Question

Find the limit of ${x^{\sin \left( x \right)}}$ as $x$ approaches 0.

Answer 1

We know that we say the limit of $f\left( x \right)$ is $L$ as $x$ approaches $a$, i.e. $\mathop {\lim }\limits_{x \to a} f\left( x \right) = L$
Also we have to make $f\left( x \right)$ as close to $L$ and $x$ as close to $a$ from both the sides and not letting it be $a$. So by using the above statement and expression we can solve the given question.

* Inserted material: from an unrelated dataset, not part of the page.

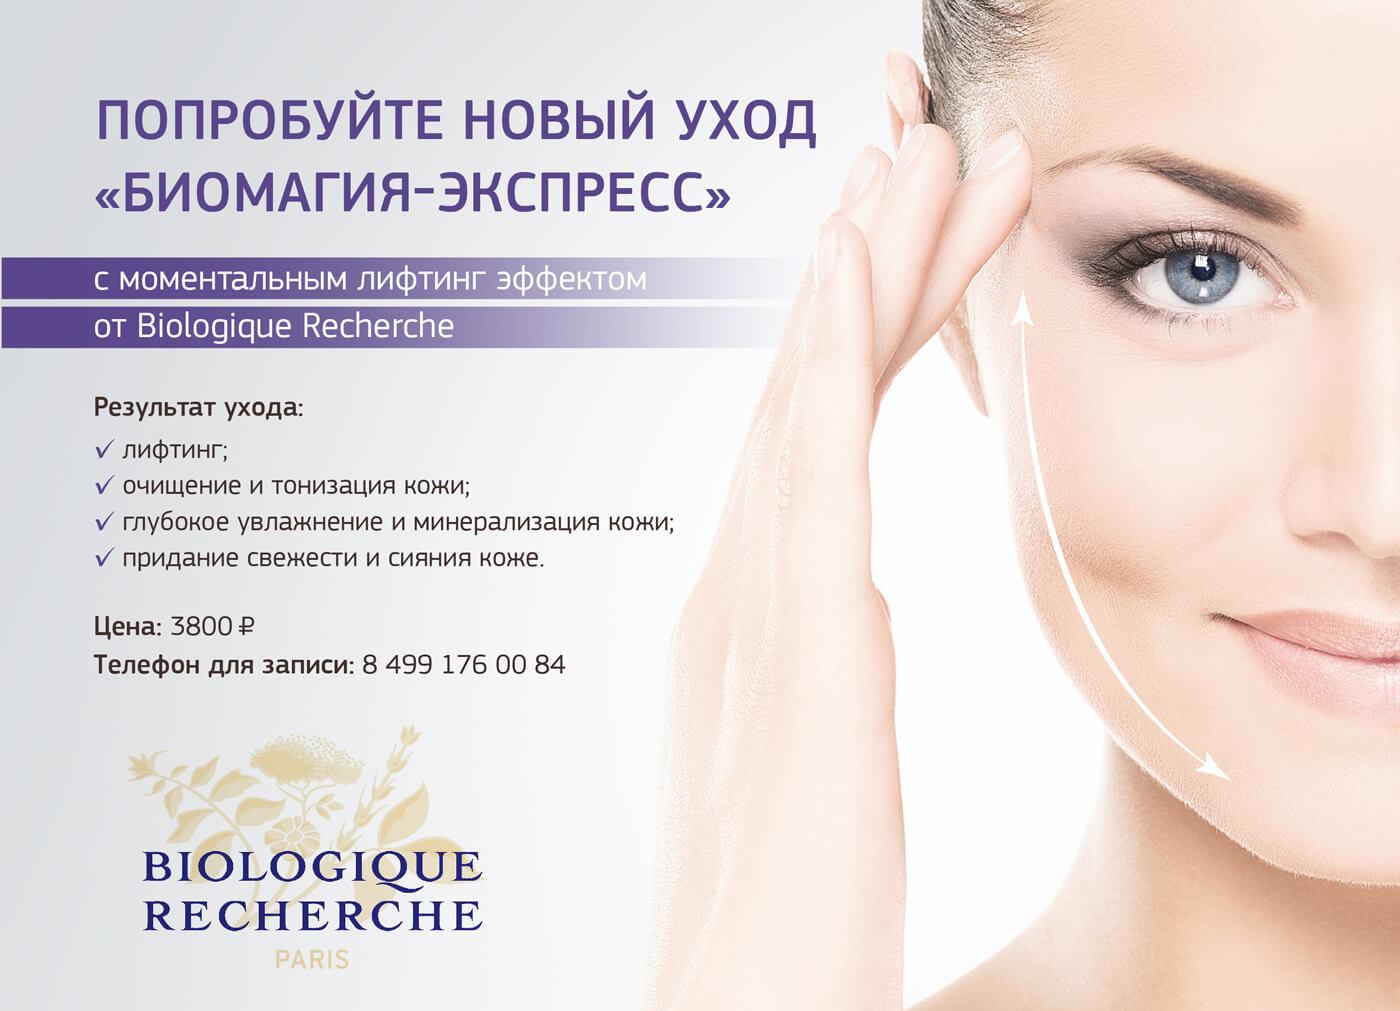 Акции в салоне красоты: biologique recherche (биолоджик решерш) акция, Французская профессиональная косметика класса люкс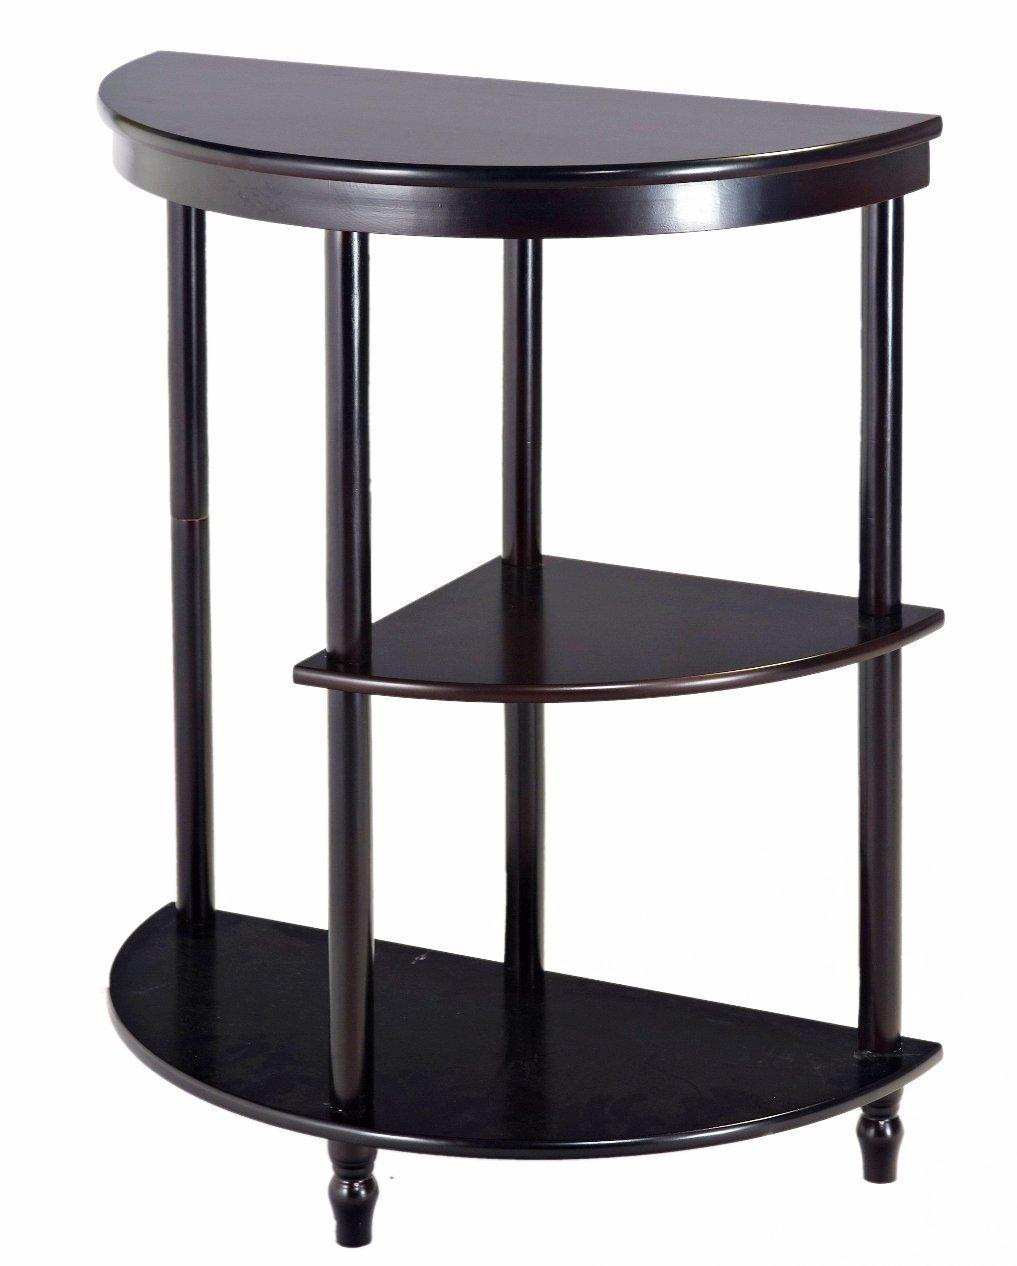 half circle end table home furniture design. Black Bedroom Furniture Sets. Home Design Ideas

Complete step by step solution:
Given
${x^{\sin \left( x \right)}}............................\left( i \right)$

Now on comparing the question and the statement of limit we can say that$a = 0\,\,{\text{and}}\,\,{\text{f}}\left( x \right) = {x^{\sin x}}$. Since here ${\text{f}}\left( x \right) = {x^{\sin x}}$ it’s difficult to find its limit directly so it’s better to use some logarithmic functions since in some logarithmic functions the power can be extracted and used as a multiplier.

So converting our given ${\text{f}}\left( x \right) = {x^{\sin x}}$ to a form where we can directly find its limit.

Let:
$L = \mathop {\lim }\limits_{x \to 0} {x^{\sin x}}........................(ii)$

Now let’s take $\ln$ on both sides since we can use the power as a multiplier by the power rule.
$\Rightarrow \ln L = \ln \mathop {\lim }\limits_{x \to 0} {x^{\sin x}} \\\ \Rightarrow \ln L = \mathop {\lim }\limits_{x \to 0} \ln {x^{\sin x}} \\\$
Now by using the power rule we can write:
$\Rightarrow \ln L = \mathop {\lim }\limits_{x \to 0} \sin x\ln x \\\ \Rightarrow \ln L = \mathop {\lim }\limits_{x \to 0} \dfrac{{\ln x}}{{\left( {\dfrac{1}{{\sin x}}} \right)}} \\\ \Rightarrow \ln L = \mathop {\lim }\limits_{x \to 0} \dfrac{{\ln x}}{{{\text{cosec}}x}}....................\left( {iii} \right) \\\$
Now if we apply the limit zero to both numerator and denominator we see that we get $\dfrac{\infty }{\infty }$ which is indeterminate.

So in such cases we have to apply L’Hospital’s Rule.

It simply states that whenever we get an indeterminate form we have to find the derivative of both numerator and denominator of the fraction and apply the limit.

So applying L’Hospital’s Rule in (iii), we get:
$\Rightarrow \mathop {\lim }\limits_{x \to 0} \dfrac{{\ln x}}{{{\text{cosec}}x}} = \mathop {\lim }\limits_{x \to 0} \dfrac{{\left( {\dfrac{1}{x}} \right)}}{{ - \cos {\text{ec}}x\cot x}} \\\ \,\,\,\,\,\,\,\,\,\,\,\,\,\,\,\,\,\,\,\,\,\,\,\,\,\,\,\,\,\,\, = \mathop { - \lim }\limits_{x \to 0} \dfrac{{\sin x\tan x}}{x}...............\left( {iv} \right) \\\$
Again if we apply the limit zero to both numerator and denominator we see that we get $\dfrac{\infty }{\infty }$which is indeterminate.

So again applying L’Hospital’s Rule in (iv), we get:
$\Rightarrow \mathop { - \lim }\limits_{x \to 0} \dfrac{{\sin x\tan x}}{x} = - \mathop {\lim }\limits_{x \to 0} \dfrac{{\cos x\tan x + \sin x{{\sec }^{2x}}}}{1} \\\ \Rightarrow \mathop { - \lim }\limits_{x \to 0} \dfrac{{\sin x\tan x}}{x} = - 0..........................\left( v \right) \\\ \\\$
Now we can write from (iii):
$\Rightarrow \ln L = - 0 \\\ \Rightarrow L = {e^{ - 0}} = 1..........................\left( {vi} \right) \\\$
Therefore$\mathop {\lim }\limits_{x \to 0} {x^{\sin x}} = 1$.

Note: We know that:

$$\dfrac{{d\sin x\tan x}}{{dx}} = \sin x + \tan x\sec x \\\ \,\,\,\,\,\,\,\,\,\,\,\,\,\,\,\,\,\,\,\,\,\,\,\,\,\,\, = {\sec ^2}x\sin x + \tan x\sec x \\\$$

The above given approach for finding limits for similar problems is preferred due to its easier steps and processes.